The process is strictly sequential. First, a debt certificate must be obtained under s 7. This requires the unpaid person to have obtained judgment (including default judgment) in proceedings for recovery of the debt. Once judgment is given, the court may, on application, issue a debt certificate in the approved form. Where an adjudication certificate under the Building and Construction Industry Security of Payment Act 1999 has been filed as a judgment pursuant to s 25 of that Act, the court may likewise issue a debt certificate (s 7(1A)). The certificate is capped at 120 days’ wages where the debt comprises periodic wages (s 7(2)), and may not issue if a possessory lien over movable property would be practicable (s 7(3)).

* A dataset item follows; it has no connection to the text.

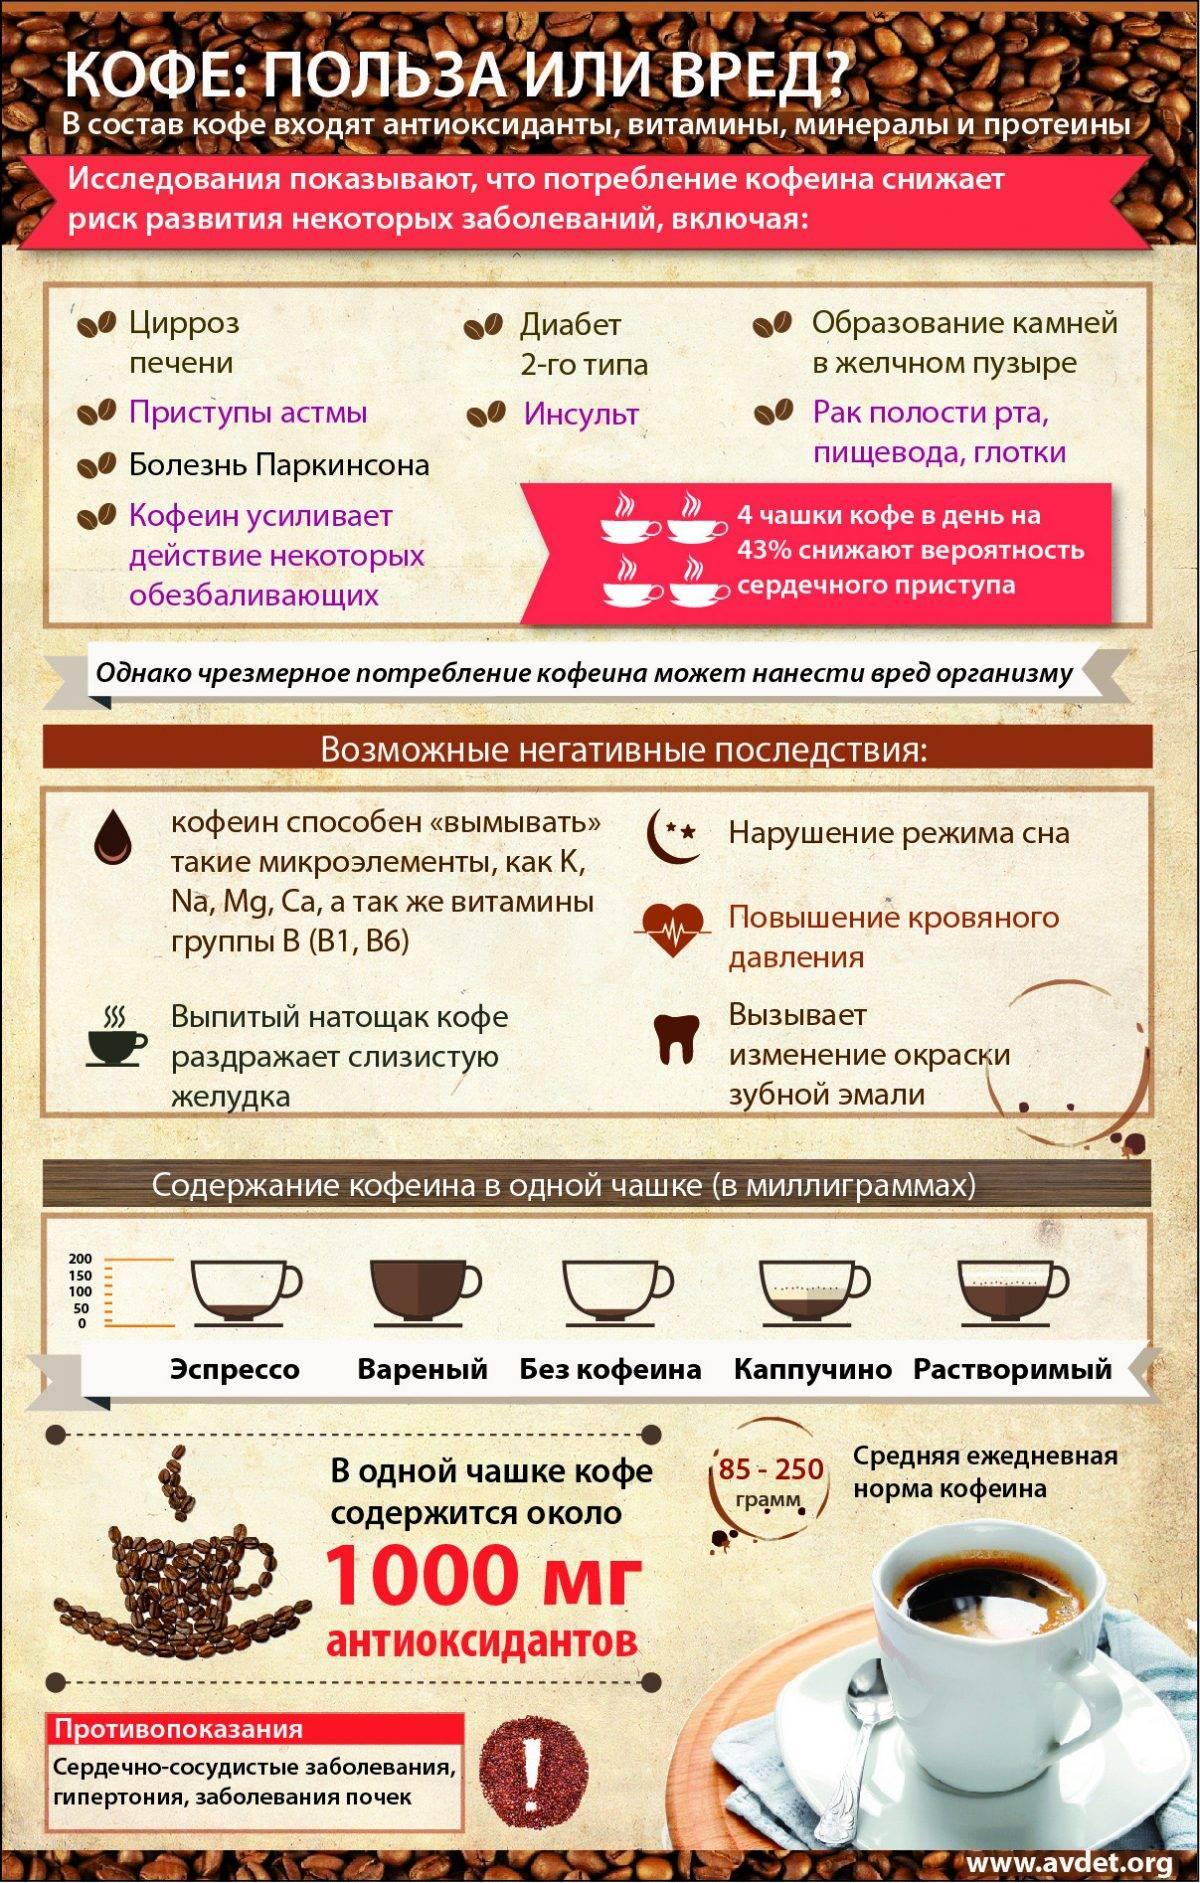 Пить ли кофе? (14 фактов, кому полезно, а кому вредно)
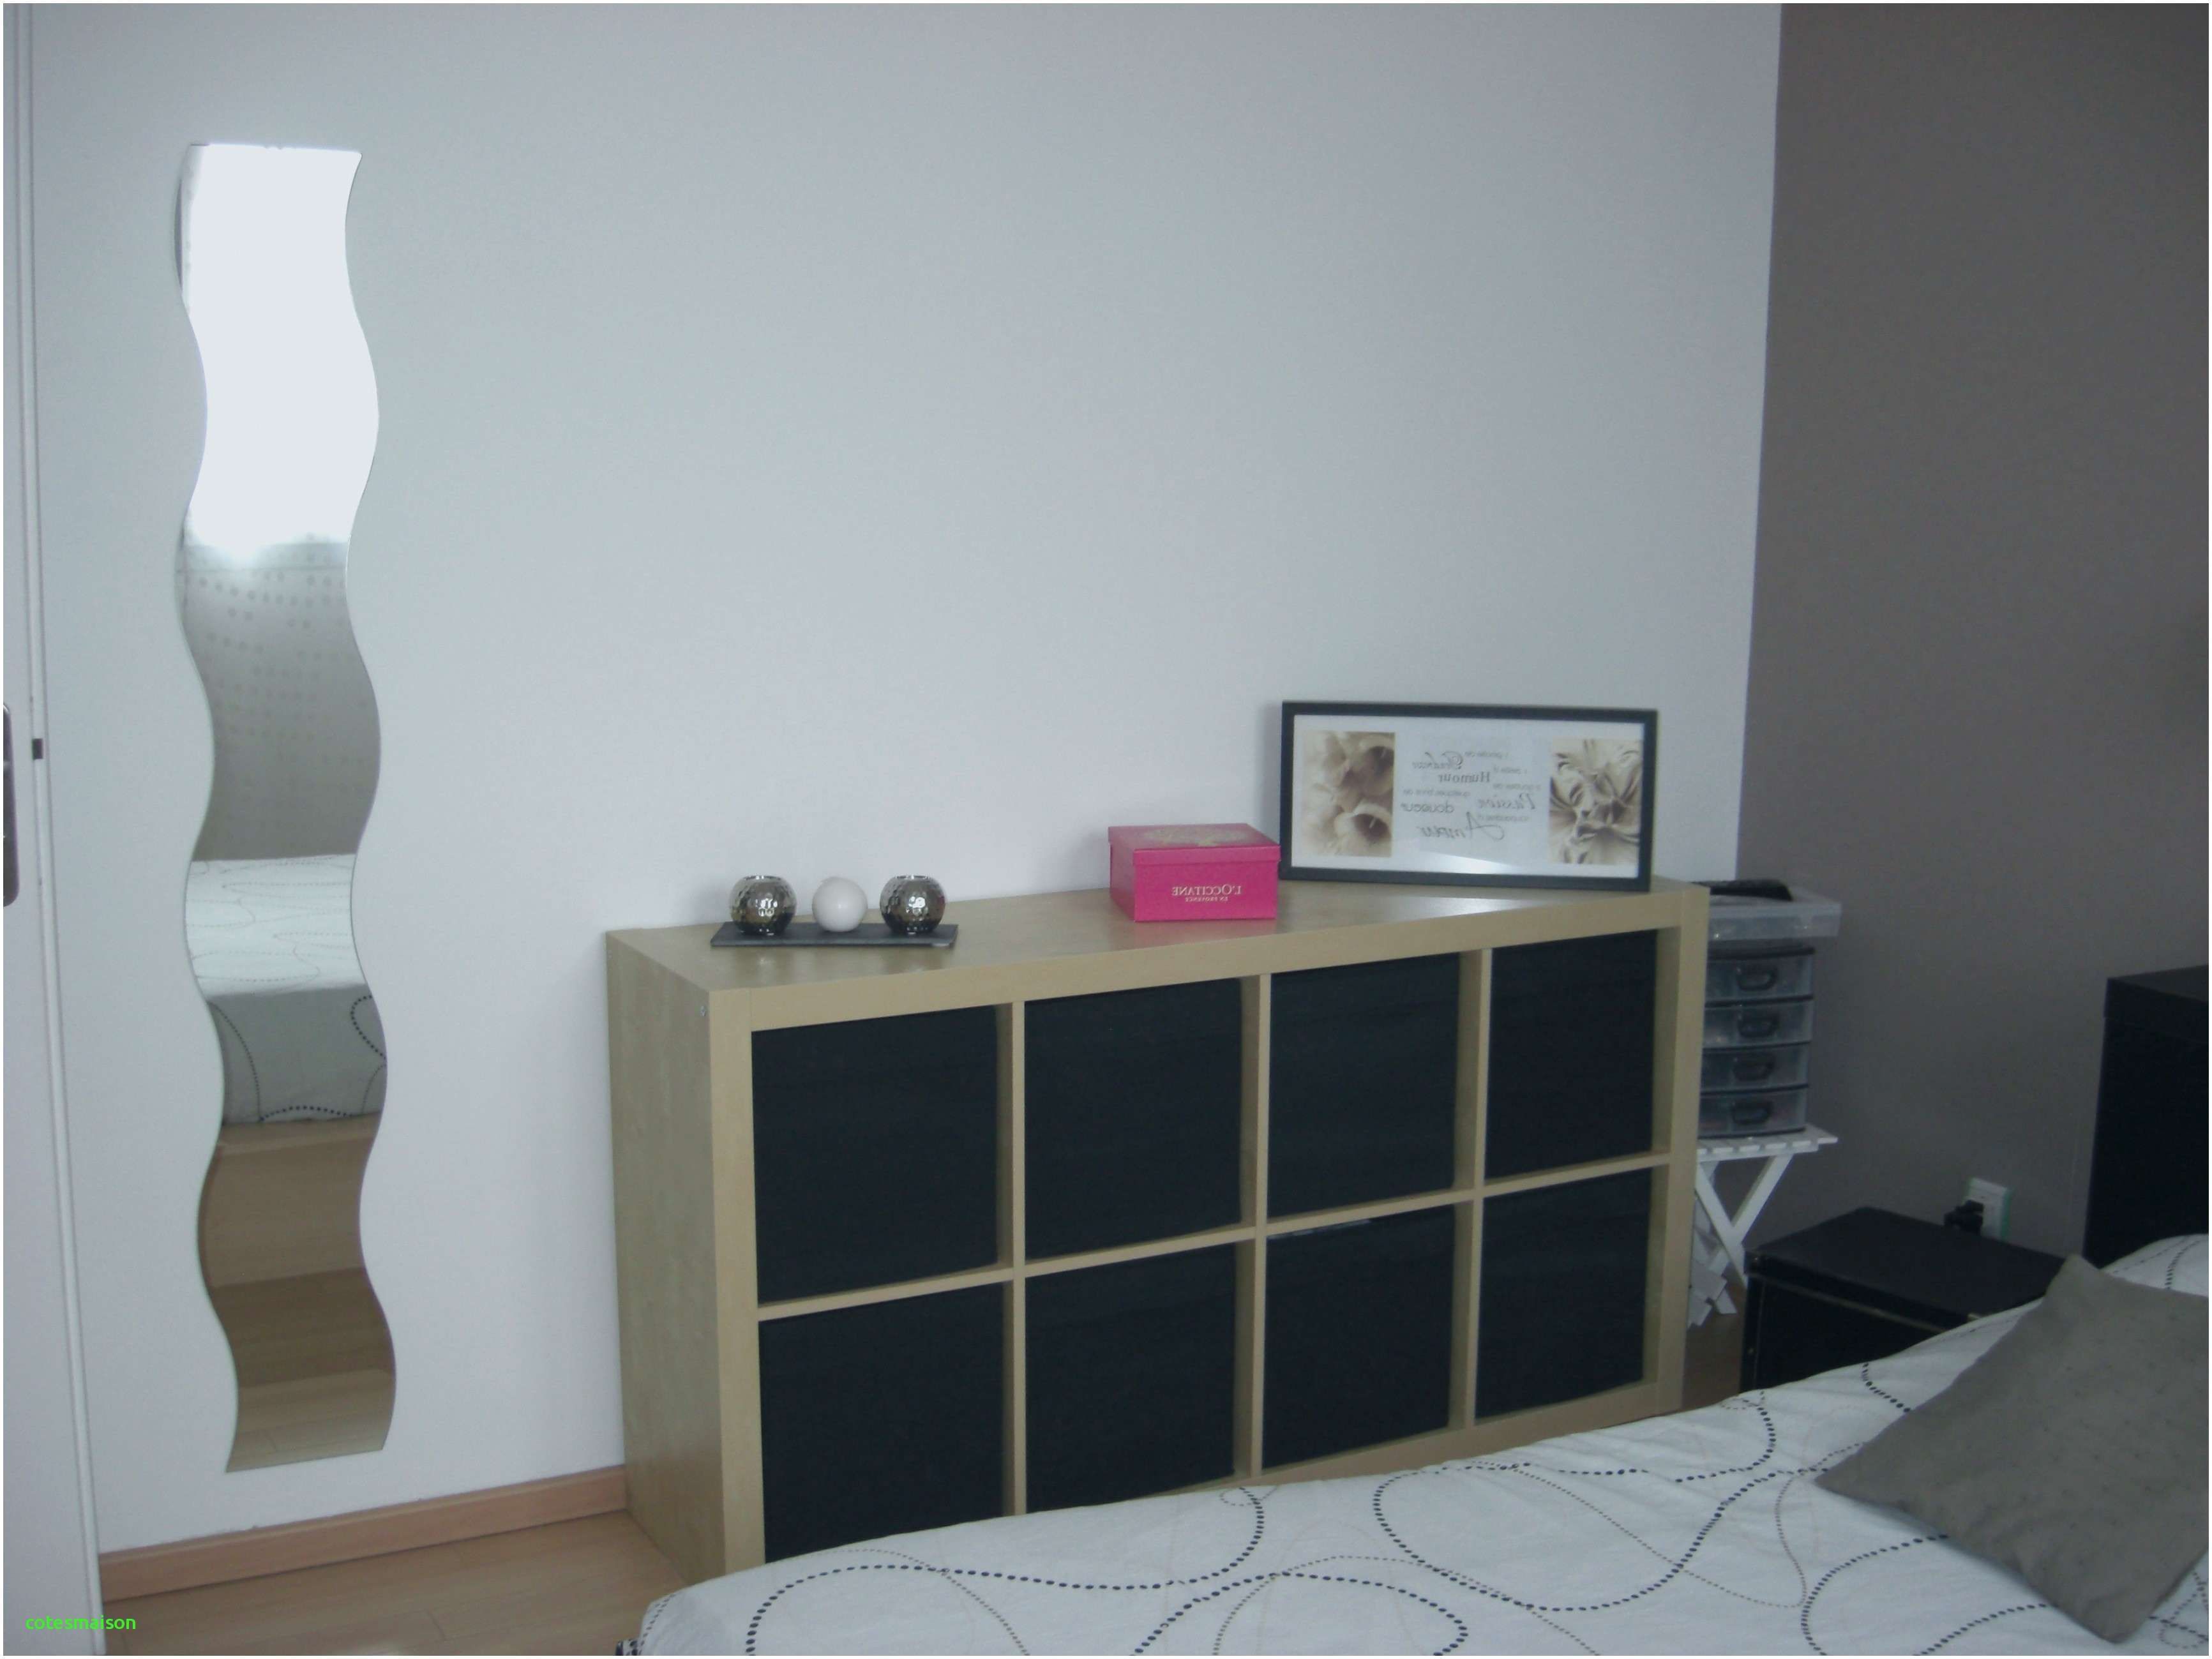 Tete De Lit Beige Nouveau Inspiré Chambre Decoration Taupe Blanc Beige Bois Diy Tete Lit

Service of a notice of claim—comprising the approved form plus a copy of the debt certificate—on the principal then operates as a statutory assignment of the principal’s obligation to pay the defaulting contractor (s 8(1)). The assignment is limited to the certified debt (s 8(2)) and ranks according to the order of service of notices (s 10(1)). A 7-day window following the first notice causes all notices served in that period to rank equally, with pro-rata distribution required (s 10(2)–(4)). The principal must pay the assigned sums to the unpaid person as they fall due under the head contract until a discharge notice is received or the contract monies are exhausted (s 9).
Current sections
Direct links to the current provisions in Contractors Debts Act 1997.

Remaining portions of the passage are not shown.